- Theatrical poster
- Directed by: Akira Katō
- Written by: Kenshō Nakano
- Produced by: Kei Ijichi
- Starring: Kumi Taguchi
- Cinematography: Shinsaku Himeda
- Edited by: Shinji Yamada
- Music by: Eddie Han and the Oriental Express
- Distributed by: Nikkatsu
- Release date: July 1, 1975;
- Running time: 70 min.
- Country: Japan
- Language: Japanese

= Tokyo Emmanuelle =

Tokyo Emmanuelle (東京エマニエル夫人, Tōkyō Emanieru fujin), released in the UK as Emmanuelle in Tokyo, is a 1975 Japanese film in Nikkatsu's Roman porno series, directed by Akira Katō and starring Kumi Taguchi.

==Plot==
After the director's message, "I visualize the romance of Roman Porn and I attempt to share that image," a loosely connected series of softcore sex scenes unfolds. The plot concerns Kyoko (Kumi Taguchi), a young Japanese woman married to a man in France. When he abandons her, she returns to Japan. With her sexual appetite now at a high pitch, she engages in sexual escapades with a wide assortment of people, including old friends, both male and female, and an entire soccer team.

==Cast==
- Kumi Taguchi as Kyoko
- Fujio Murakami
- Naka Fuyuki
- Mitsuko Aoi
- Namio Sokame
- Mitsuyasu Maeno

==Background==
Director Akira Katō was a competent, but not highly successful member of the Nikkatsu Roman Porno team. His Crazy for Love (1971) was part of Nikkatsu's second Roman Porno double-release, and he stayed with the studio throughout its 17-year production of the series. Tokyo Emmanuelle was Katō's first successful film. Later well-regarded films by the director include Slave Wife (1976) and Momoe's Lips: Love Beast (1980).

==Critical appraisal==
In a contemporary review, the Monthly Film Bulletin stated that "the continuity is sometimes choppy" and that "the film has been designed and shot with enough surface gloss to ensure that in this soft-core package tour, at least the packaging looks tolerably fresh"
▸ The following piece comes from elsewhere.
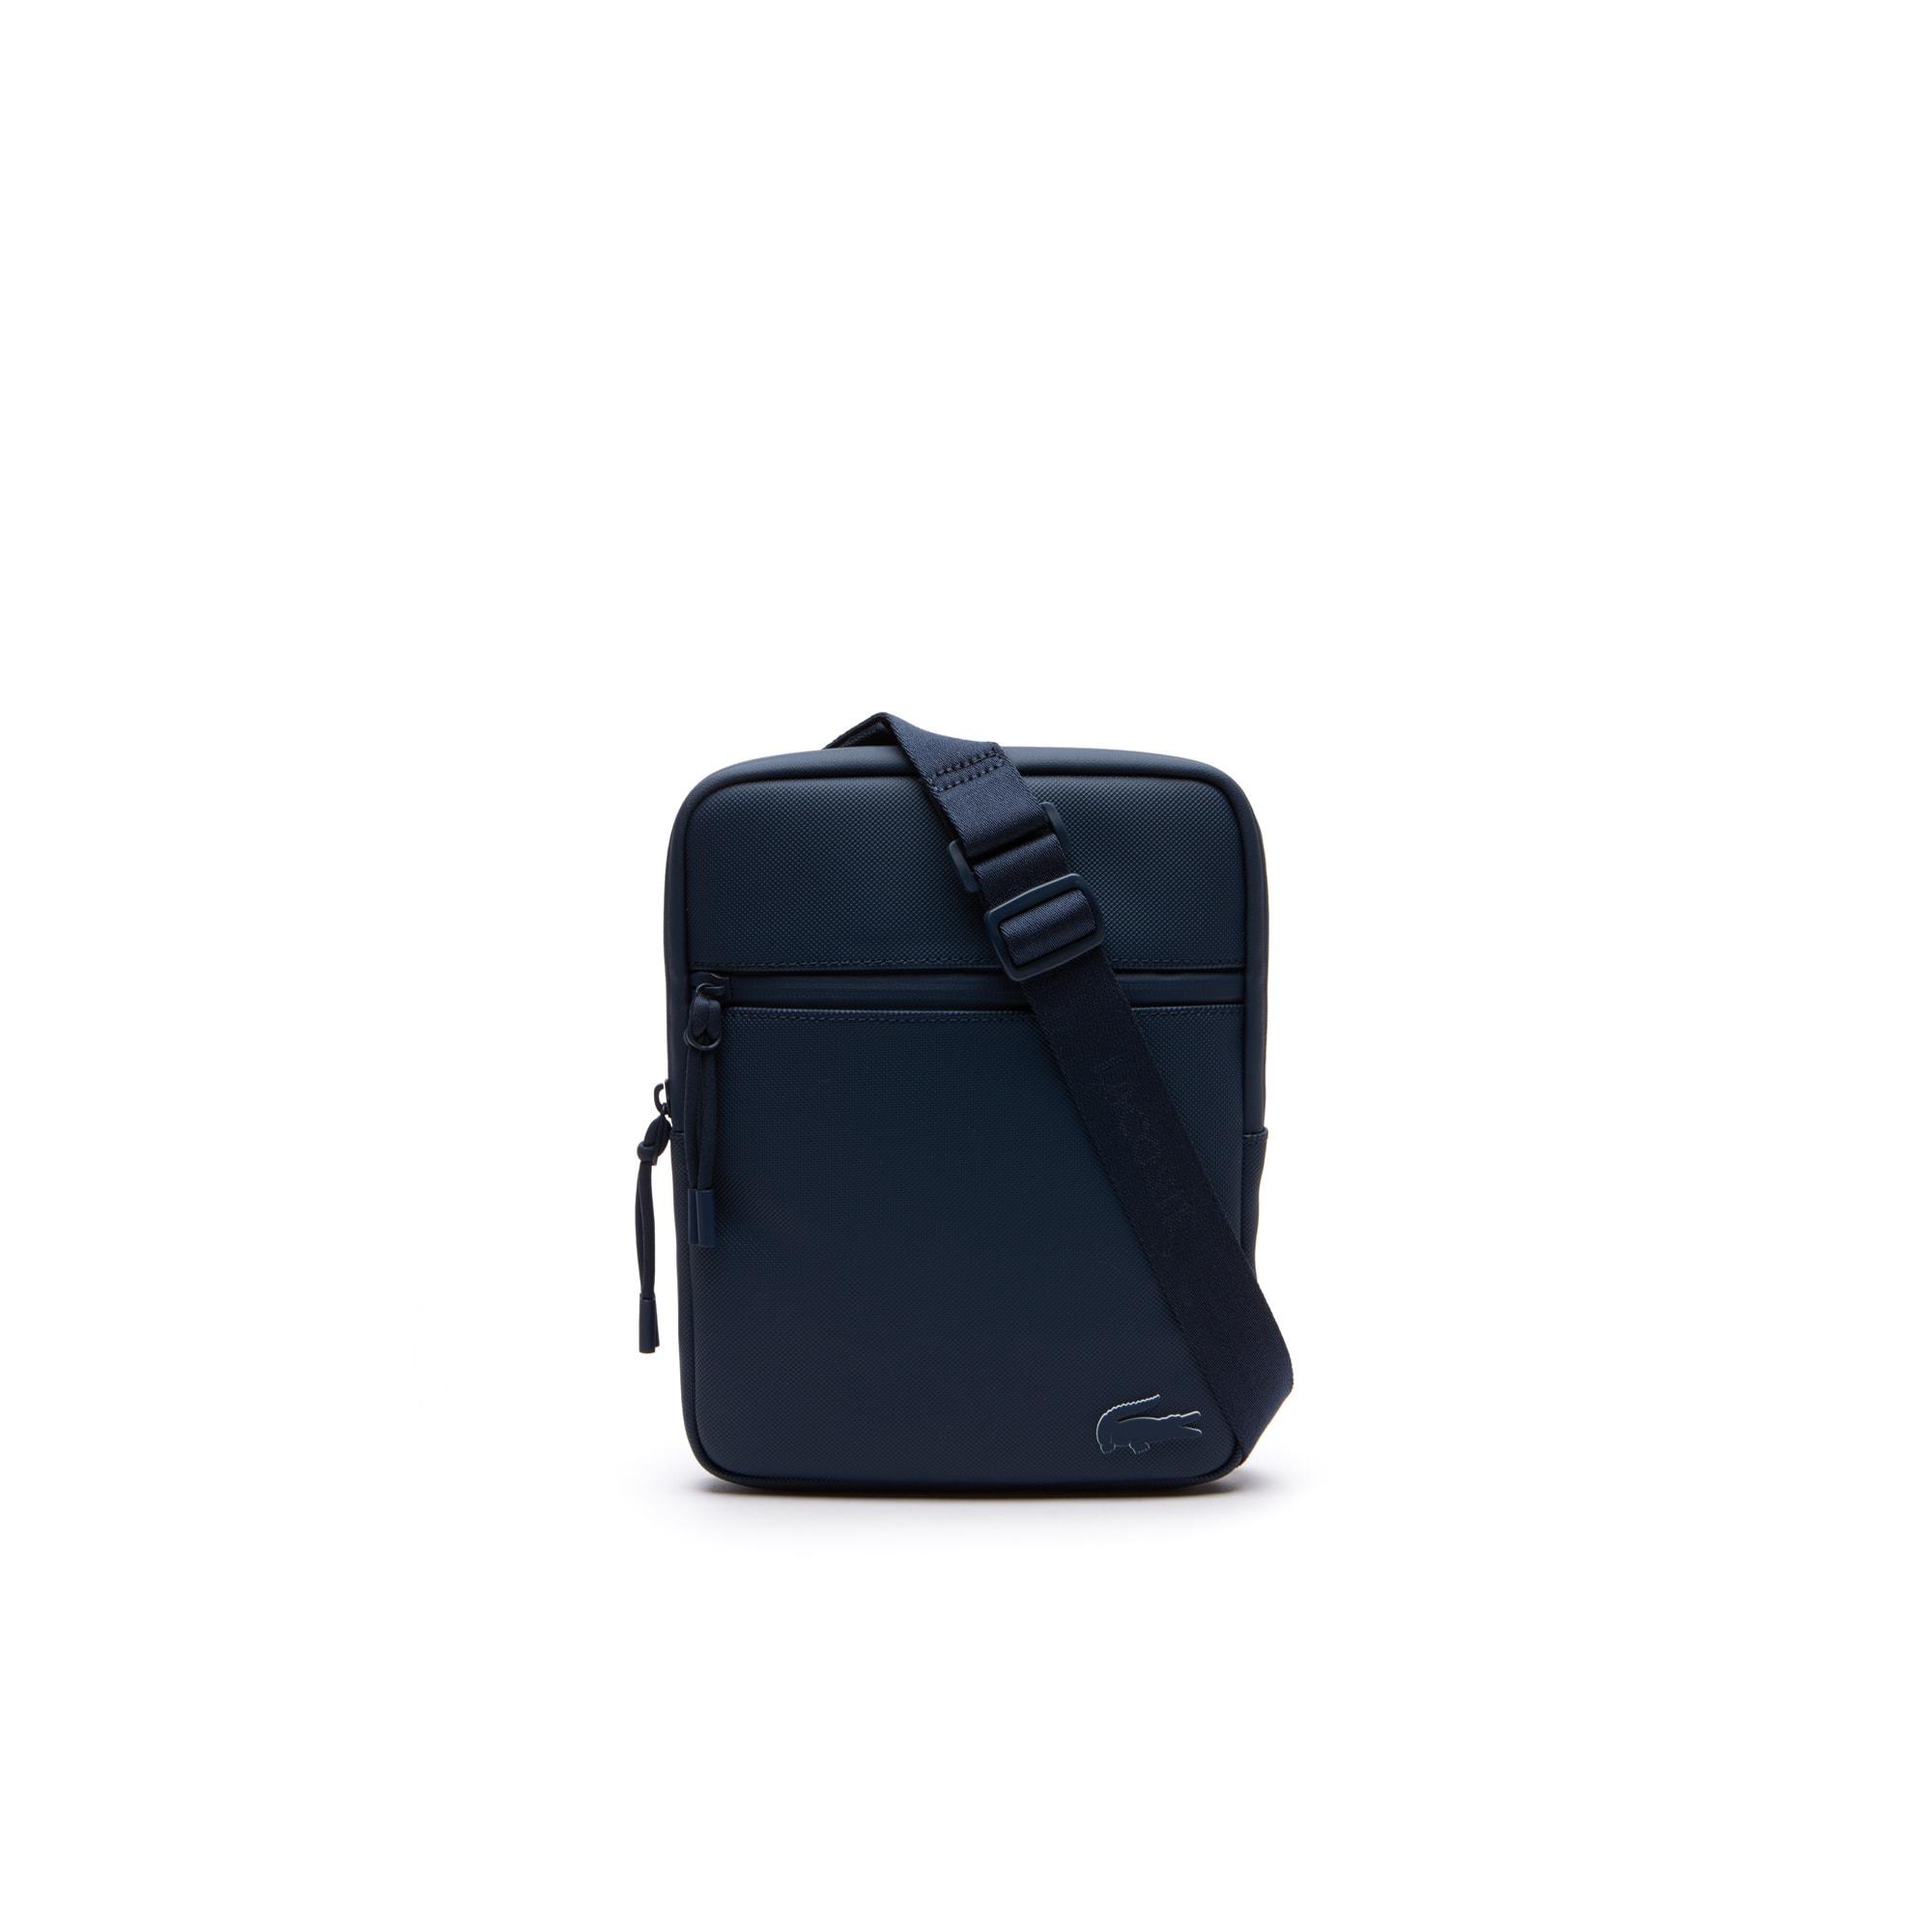 Mala com fecho L.12.12 Concept lisa e monocromática em Petit Piqué

In their Japanese Cinema Encyclopedia: The Sex Films, the Weissers note that the film's plot is a weak construct designed only to give lead actress Kumi Taguchi opportunities to appear nude. They also note that this is not a bad thing. The nude Taguchi seen horseback riding on the beach and riding a porpoise are highlights of this good-looking film, according to the Weissers. The lack of good plotting, however, harms the film. "With just a bit of creativity, they write, "this could have been a great pinku eiga instead of a trendy Penthouse-ish pictorial."
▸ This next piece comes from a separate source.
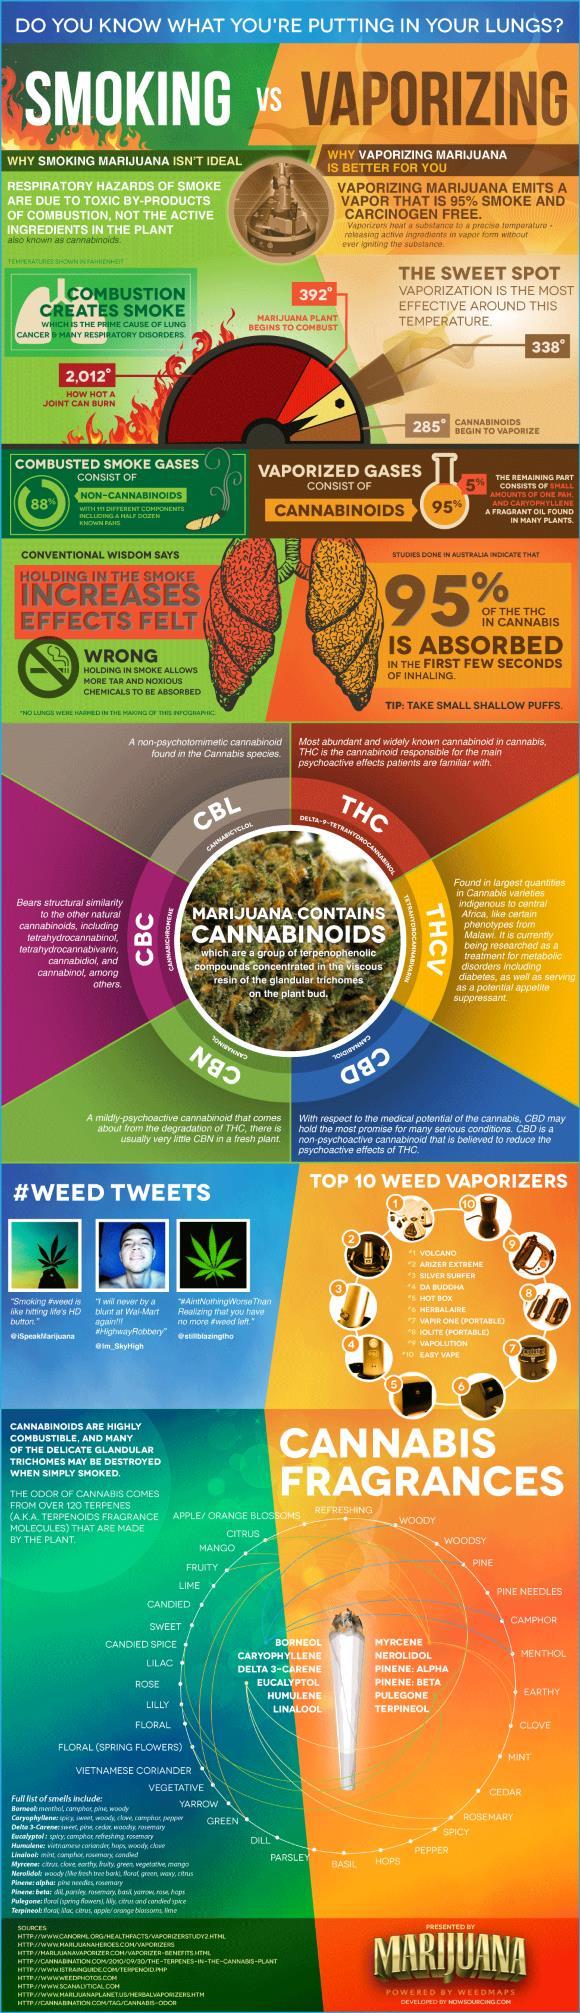 Smoking VS vaporizing Medical Marijuana

Pink film scholar Jasper Sharp writes that the film appealed to the taste for the exotic in both Japanese and Western audiences. For the Japanese audiences, the association with Emmanuelle Arsan's novel Emmanuelle and the 1974 film based on it, gave the film a touch of class. For Western audiences, the interest of a distant country was an attraction. Both Japanese and Western audiences, writes Sharp, were able to appreciate Kumi Taguchi's "well-proportioned figure and smouldering dark looks".

==Availability==

Tokyo Emmanuelle in theatrical release for English-speaking audiences

Tokyo Emmanuelle was released theatrically in Japan on July 1, 1975. It was unusually widely circulated for Nikkatsu Roman Porno film. It was released in Germany under the title Wilde Emmanuelle im Paradies der Lust. In 1977 Tokyo Emmanuelle became the first of Nikkatsu's Roman Porno films to be distributed in Britain, when the exploitation studio Intercontinental released the film under the title Emmanuelle in Tokyo. Under the title Tokyo Emmanuelle, it was also playing in Canadian theaters in mid-1977. It was also released in Hong Kong by the Shaw Brothers.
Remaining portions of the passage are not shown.